As for the current skirmish, under World Trade Organization (WTO) rules, the nations have around 60 days to settle the dispute through consultations. Failing that, the WTO could set up a dispute settlement panel. But the real impact comes from investment flows and confidence that this fight does not escalate, making money managers the real "force" that has been awakened by this unusual light saber rattling.

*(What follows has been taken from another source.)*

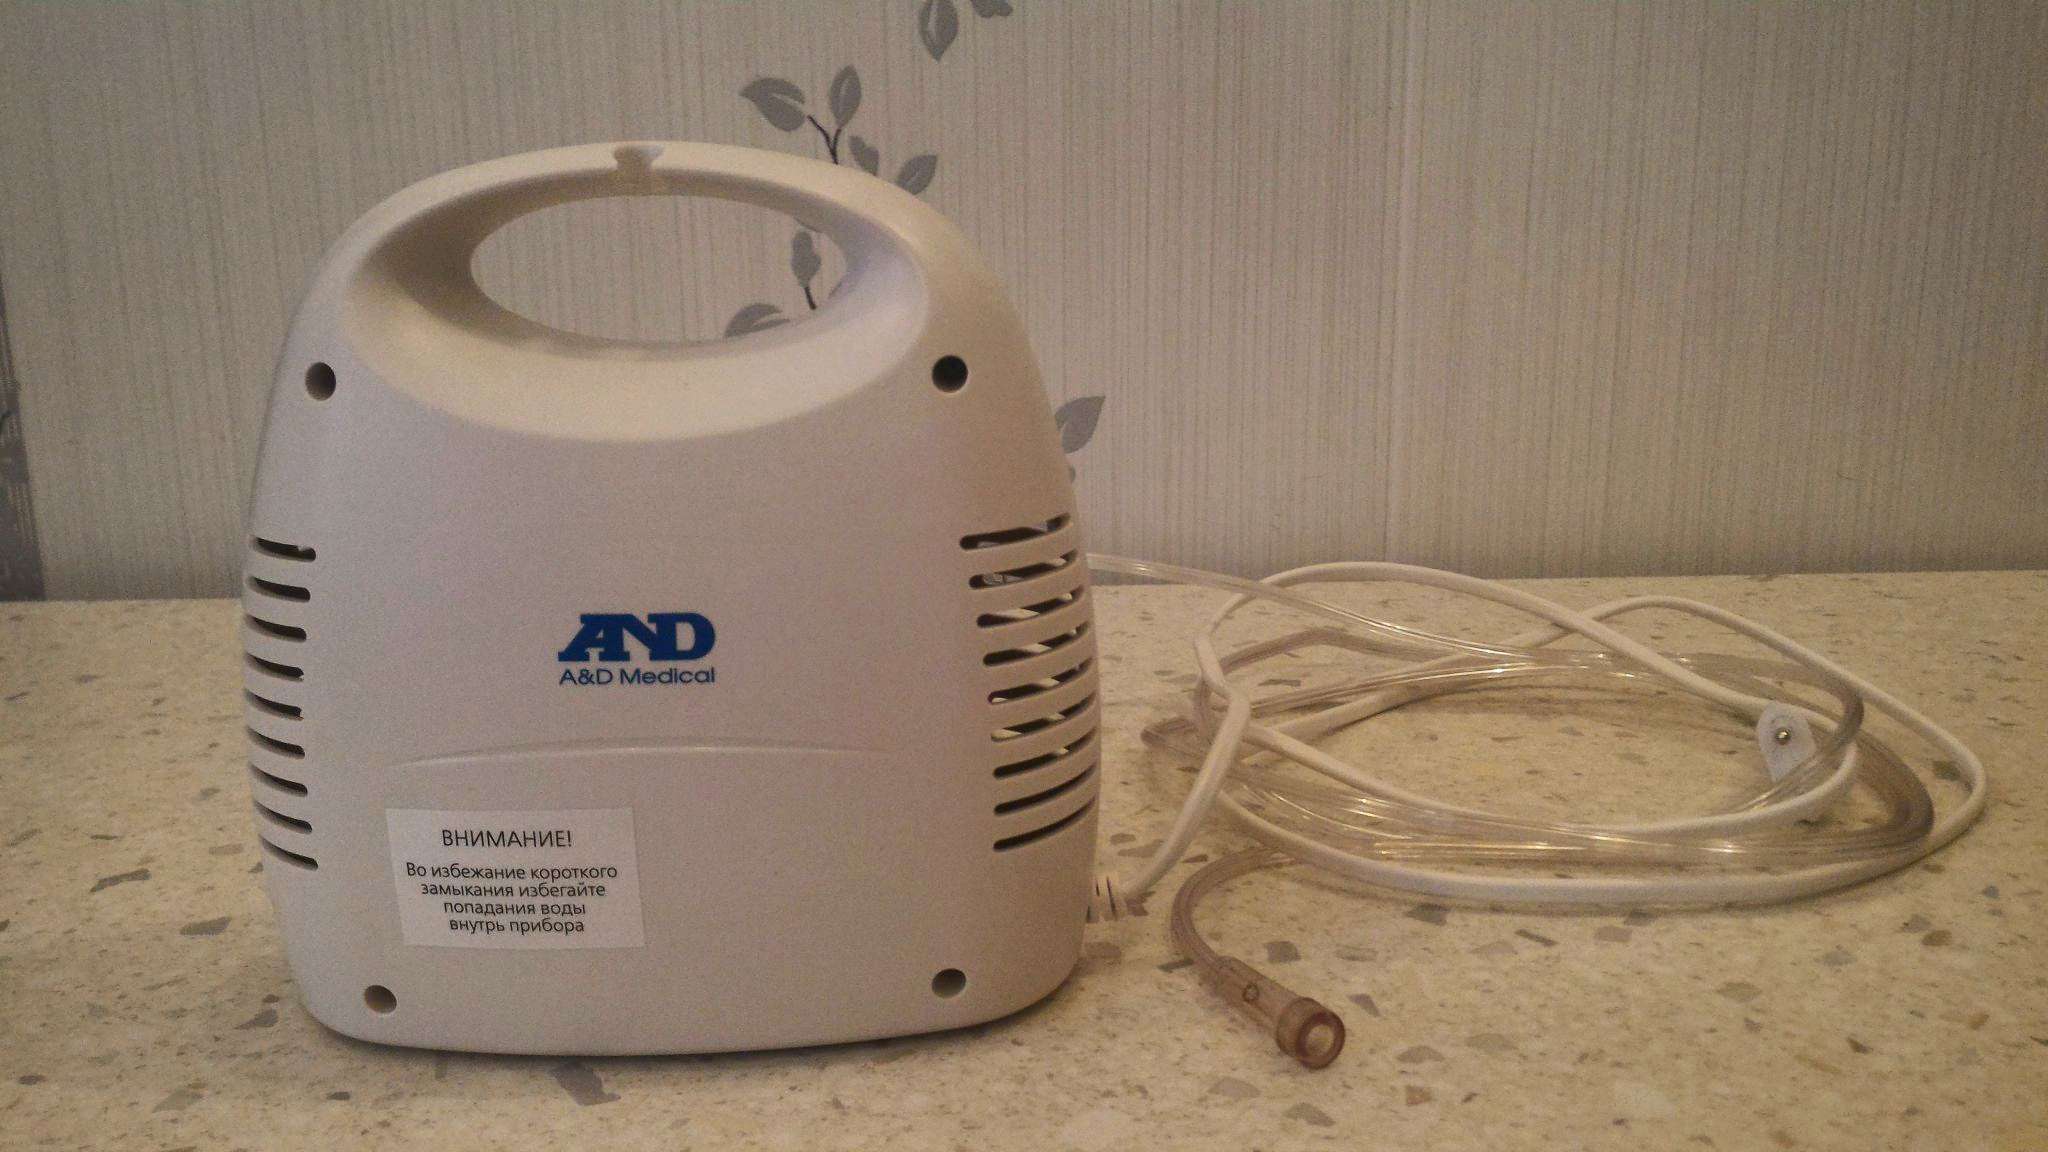 And ингалятор компрессорный cn 231 как пользоваться цена на ингалятор от астмы

President Obama has decided to test a safeguard measure that was incorporated as a U.S.-imposed condition for China to join WTO in 2001. This is part in parcel of the President's pledge to have fair trade. The implication is timing and scope. President Obama has shown himself to be a labor union populist and thus very much willing to use trade sanction muscle to align his administration's goals to strategic economic sector unions. China, partially blindsided by this political act, has responded with its own set of sophisticated legal strategy, which is to determine if U.S. poultry and car parts were "unfairly dumped" in the Chinese market and per WTO rules declaring U.S. tariffs illegal. In fact, the countries most affected by trade protectionism are China, U.S., Japan, Germany and France. Additionally, the following industries are affected in declining order, including machinery, food, financial services, agricultural goods, grains, basic materials, textiles, transport material, chemicals and metal products ( basically everything every human on the planet needs to live). So where does this lead, Yoda?

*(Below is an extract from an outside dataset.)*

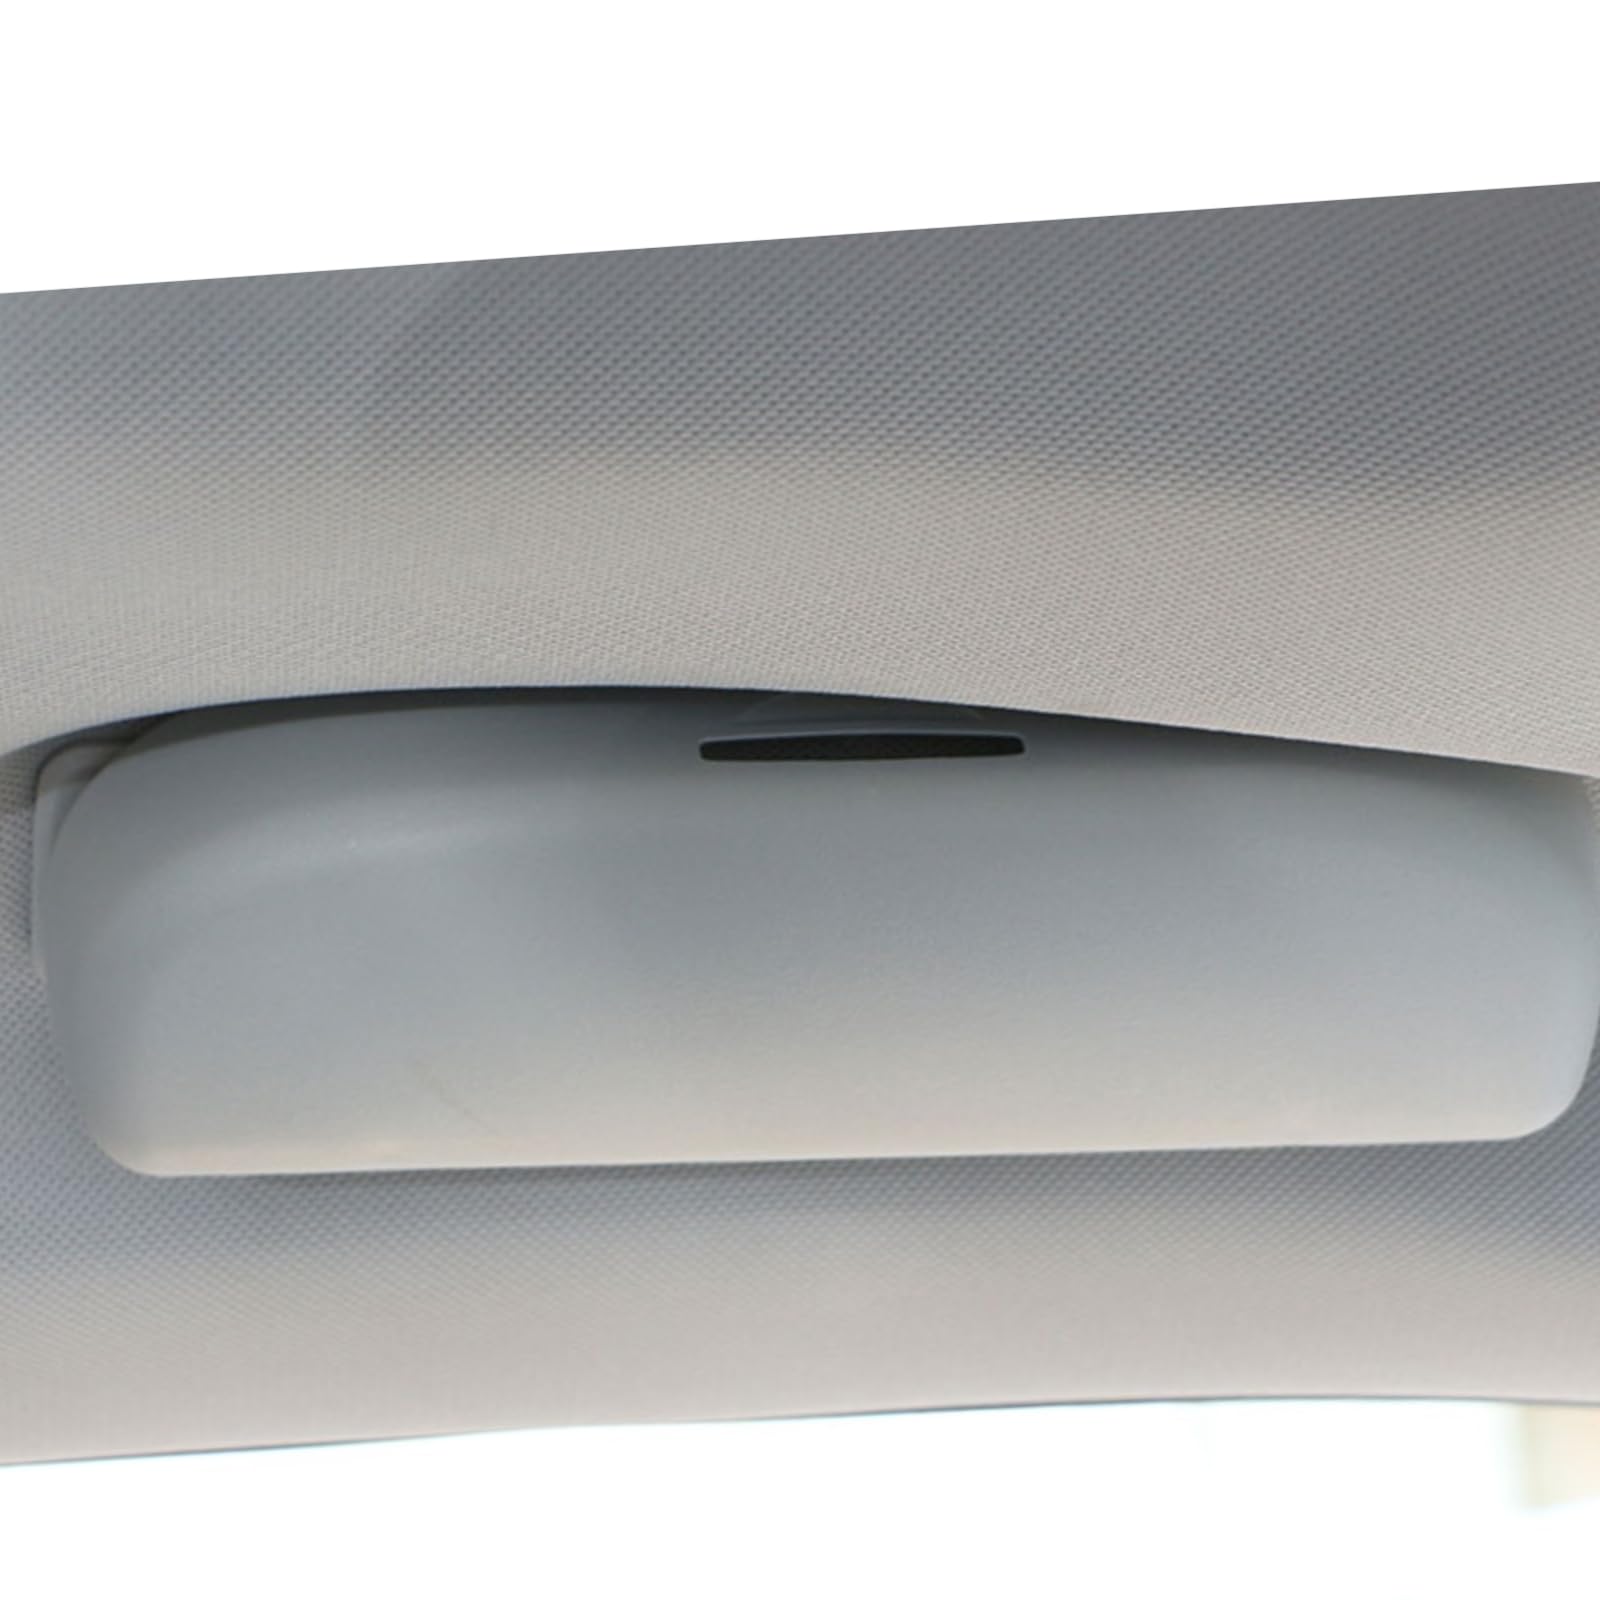 Für Peugeot 206 207 308 407 408 508 2008 301 3008 4008 2012-2016 Car Styling Car Front Sun Glasses Case Box Auto Decoration von YAZOLAS

While both Obama and the Chinese are relatively inexperienced in global trade tit-for-tat, it does potentially represent an opening bell to out an outright "galactic war". Much of the motivation behind China and the U.S. is highly political as they are both protecting mature and dying industries. But what happens when the hand of government extends itself like Darth Vader's grip to value-add areas like German solar firms having issue with Chinese panel makers in undercutting their prices by 20 percent, South African firms claiming anti-dumping duties on certain pharmaceutical products from India, Brazilian anti-dumping claims against Turkey for steel and pipe fittings, the EC seeking countermeasures against olive oil imports from Mexico, the US seeking VAT on integrated circuits from China, Norway seeking safeguards for salmon against the EC, Argentina seeking safeguards against import of footwear from France and Germany? And so goes the endless list of products, services and grievances that stay in the netherworld that hardly sees the light of day in the "Cloud City."

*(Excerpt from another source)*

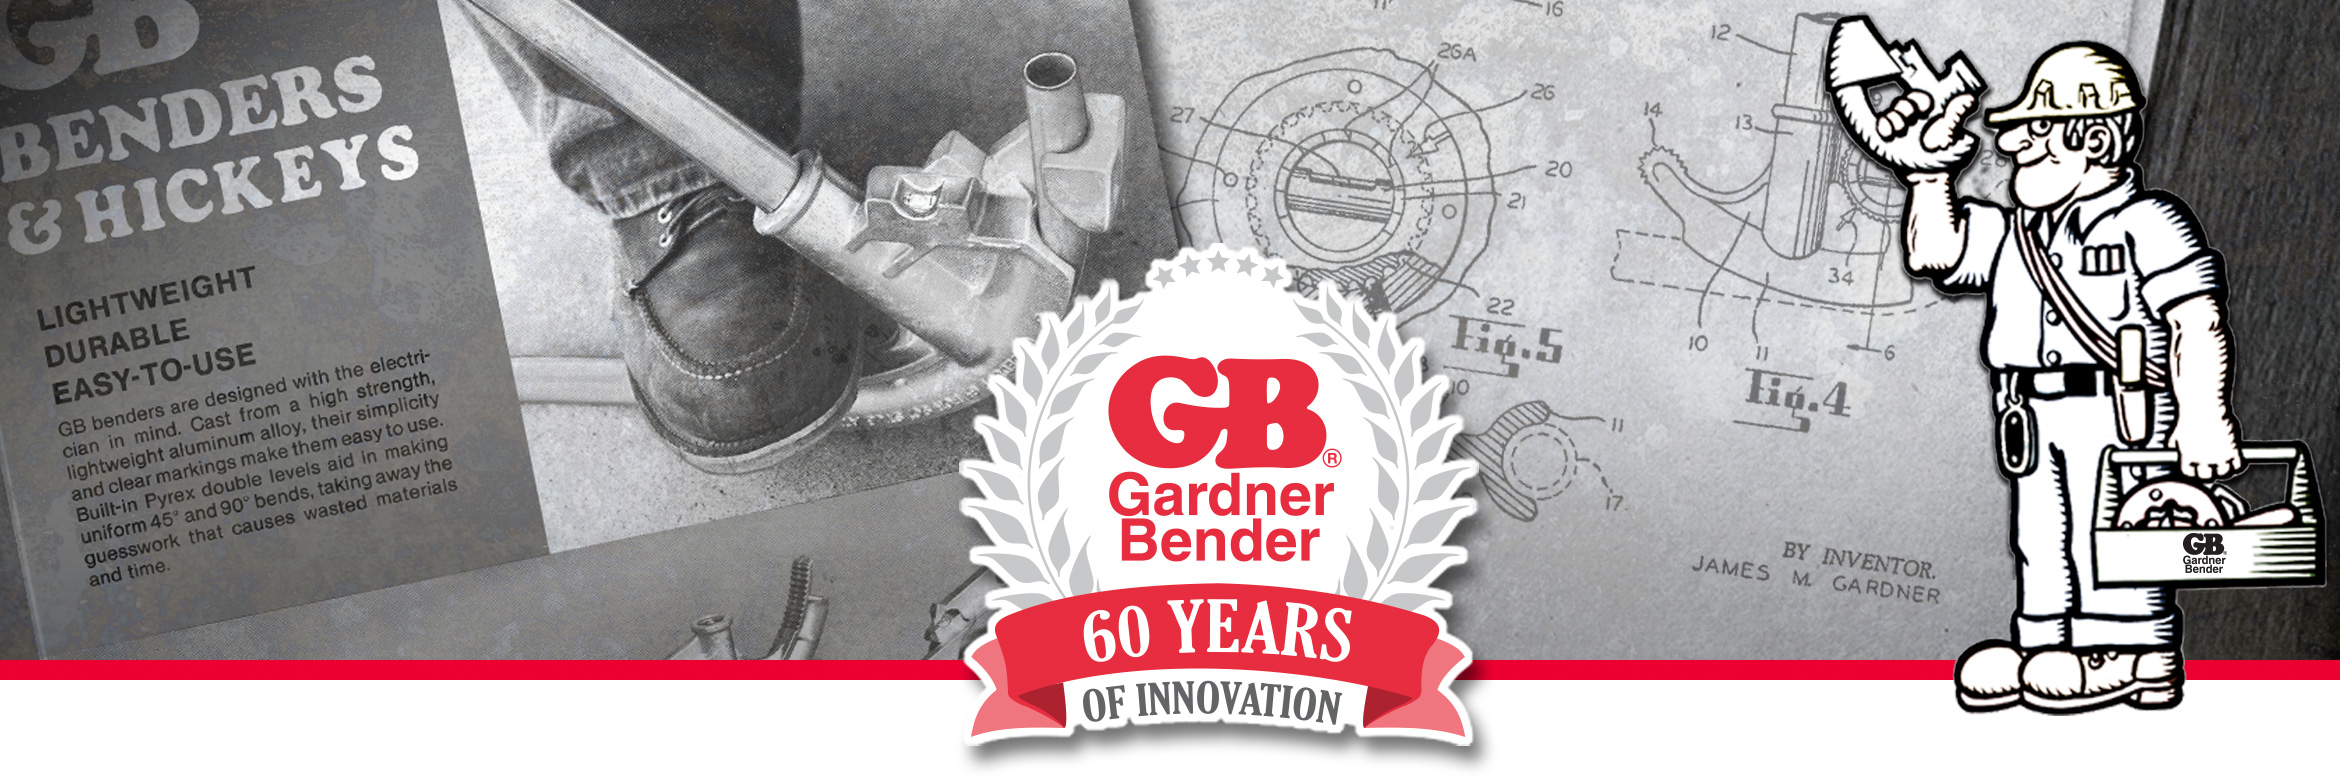 Gardner bender Celebrating 60 years of Innovation!

In other words, mutually assured destruction is what keeps the skirmish from escalating into a full-fledged battle. However, the danger is that the stakes being played by politicians and lobbyist in protecting a voting base and perhaps jobs. The Obama administration is testing these waters as the U.S. has had a history of a winning hand through its $2.3 trillion economy as a hammer. That the USD was driven up on the news is a short-lived phenomenon because on a trade-weighted basis the U.S. budget deficits combined with steady trade deficits drain the country of cash, and thus are a near-term drag on the buck. The real issue is whether there is truly a new contender, a "rebel force" that can withstand the assault, however small it may appear. While there may be little noticeable directional impact on the USD, watch the forward markets in oil, gold, commodities, textiles, metals, etc. as a barometer for USD weakness should G10 partners decide to make more of this "trade war." May the force be with us!